What is required
Output, exactly as written, the lines below from the one that has "2 off 700ml" through the one that has "Get the latest news about Medicaid Renewals"; nothing else, and no pictures.

*** Records for the task ***

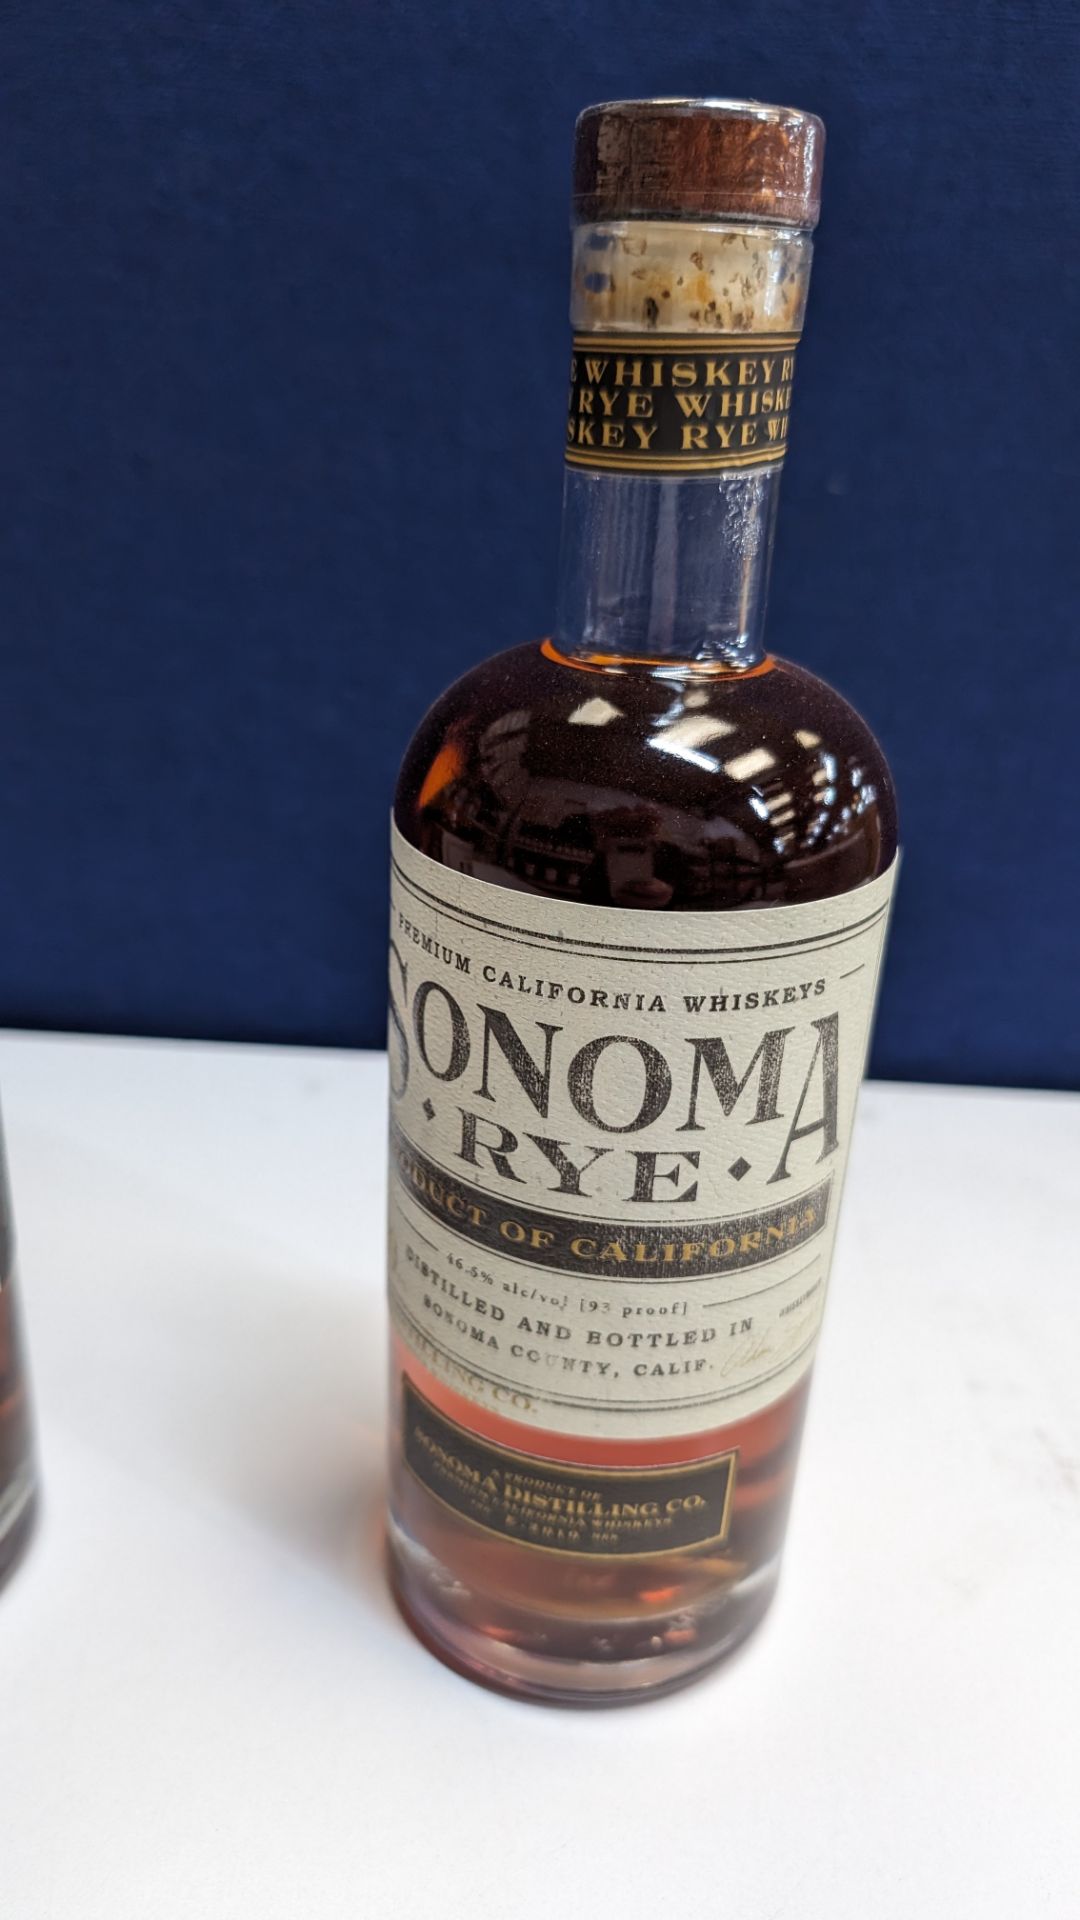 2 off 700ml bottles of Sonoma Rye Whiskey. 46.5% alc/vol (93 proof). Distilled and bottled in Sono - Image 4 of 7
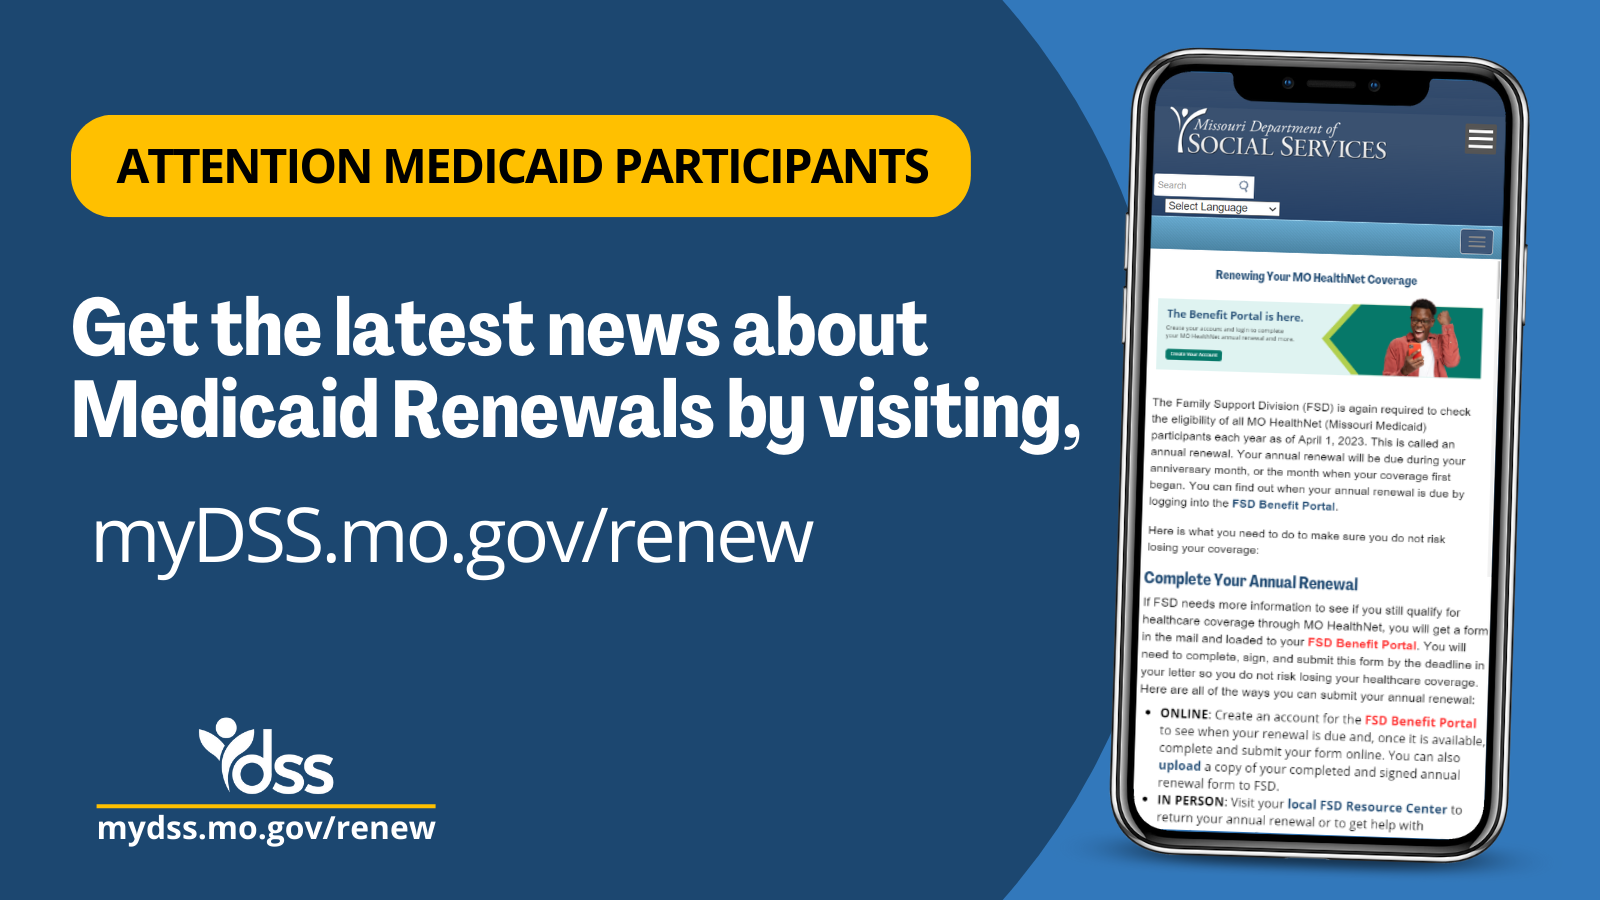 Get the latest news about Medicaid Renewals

*** End of Records for the task ***
*** Records for the task ***

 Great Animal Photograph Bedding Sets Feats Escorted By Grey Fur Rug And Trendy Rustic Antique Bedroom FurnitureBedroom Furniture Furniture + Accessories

*** End of Records for the task ***

Response to the exercise
 2 off 700ml bottles of Sonoma Rye Whiskey. 46.5% alc/vol (93 proof). Distilled and bottled in Sono - Image 4 of 7
 Get the latest news about Medicaid Renewals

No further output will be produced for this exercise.